By Fan Feifei ( Updated: 2016-05-30 17:44

The prospect for instant photography is still promising even though digital photography has become a trend, said Oskar Smolokowski, CEO of The Impossible Project, a Europe-based company that saved the last Polaroid factory making analog instant film.

"If you look at the sales of digital cameras, they are going down in recent years, but instant films are going up," said Smolokowski.

Recently, the company launched the I-1, the first camera designed, engineered and produced by the team at Impossible, celebrating the brand's mission of redesigning instant photography for a digital generation.

The most exciting feature is the users' ability to connect remotely through an iOS app. By connecting through a smartphone, which links directly to the I-1, users can experiment freely with creative tools such as double exposure, remote triggering, and light coloring.

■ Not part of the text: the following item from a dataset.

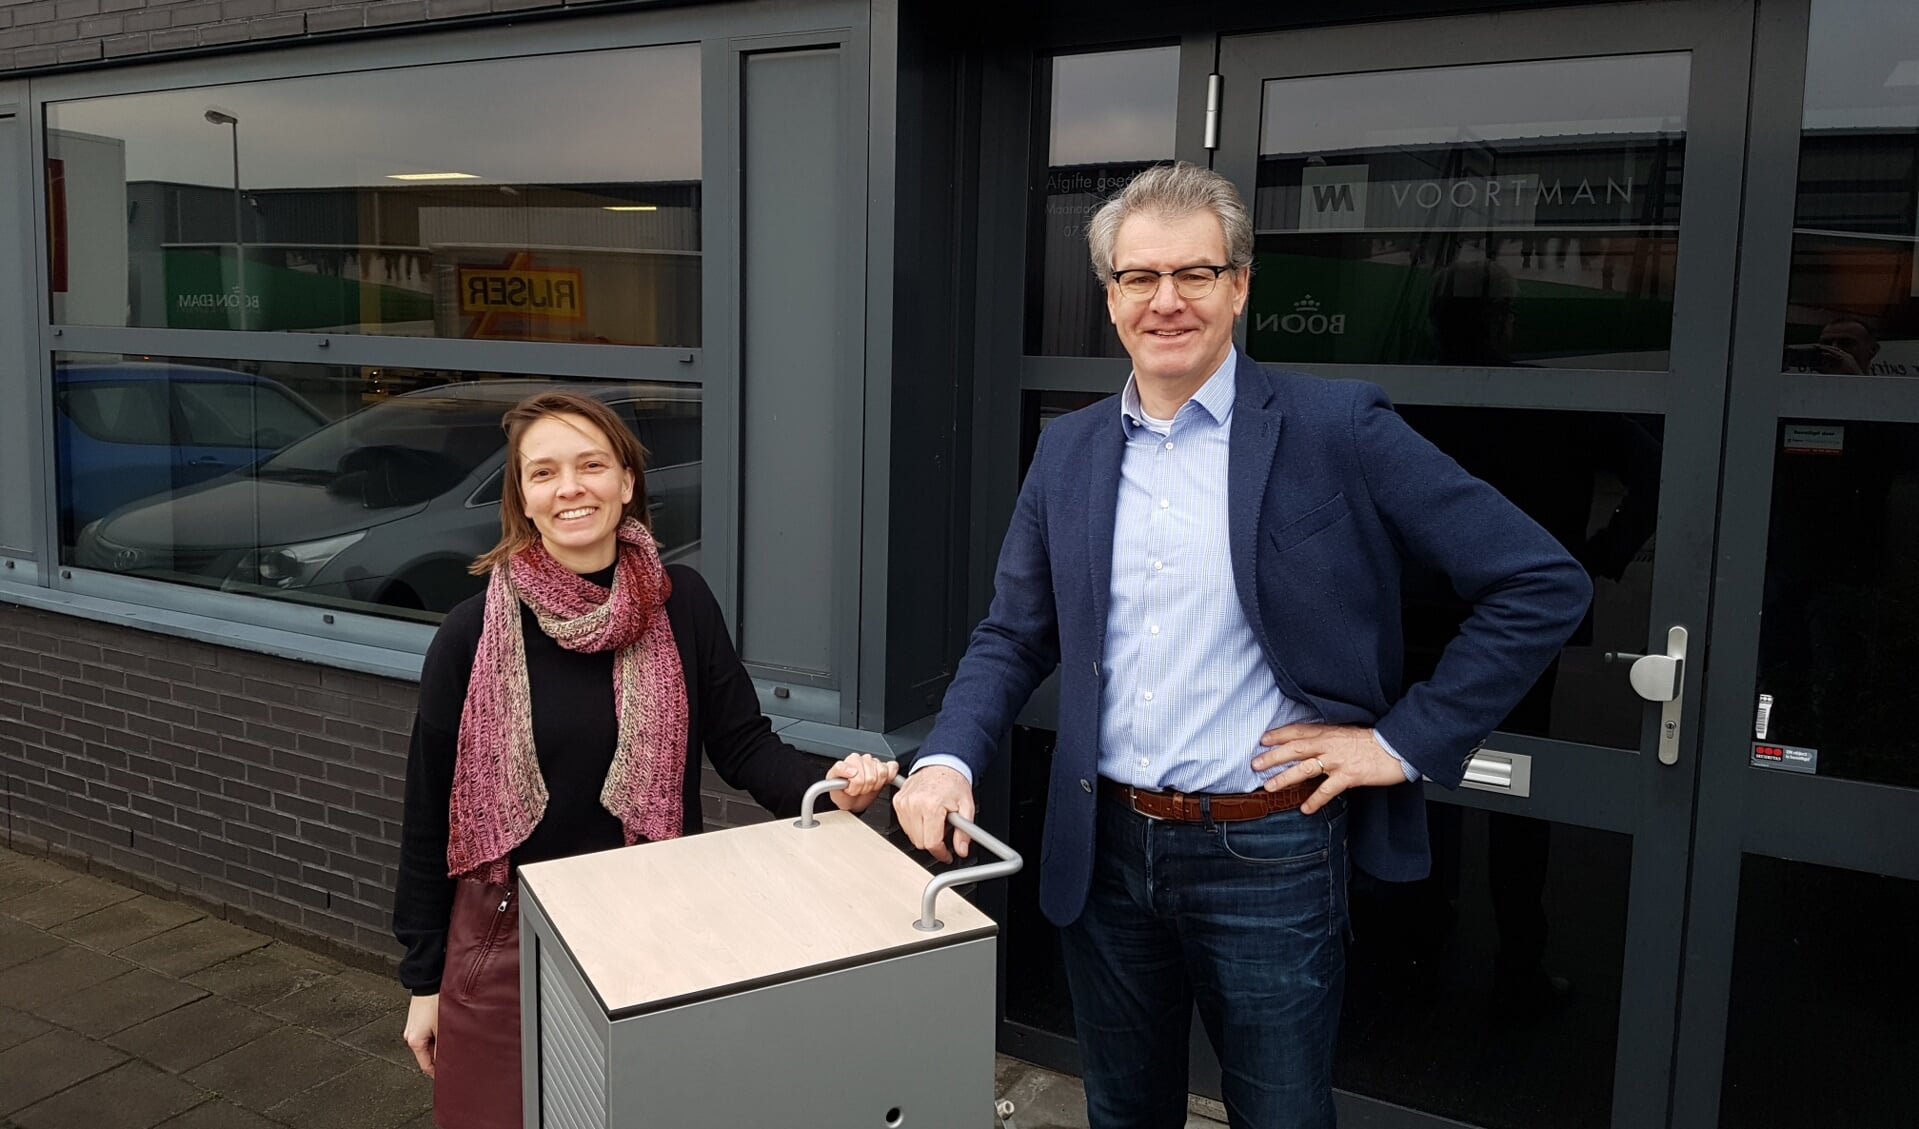 Consulente Anne Debets van WonenPlus en Voortman-directeur Sjaak Lambalk met het kastje. (Foto: aangeleverd)

And once the perfect image is captured, users are then able to upload directly to social media.

Smolokowski said the market potential for instant photography in China is big and they are at the beginning of the road here.

"Instant photography is one of the only ways to preserve and share instant, physical memories. It's magic to see photos develop in the palm of your hand, and then be able to hand the photo over to the person next to you," said Smolokowski

In 2008, the Impossible Project rescued and refurbished the last Polaroid factory in Enschede, Holland. It is the only company making fresh instant films in the original format for millions of perfectly functioning Polaroid cameras still around today.

Smolokowski also introduced the Instant Lab, a device that lets you turn digital images from your smartphone into analog instant photos.

"We wanted to use the power of the smartphone to make it even more capable, and allow users to take their photography to the next level."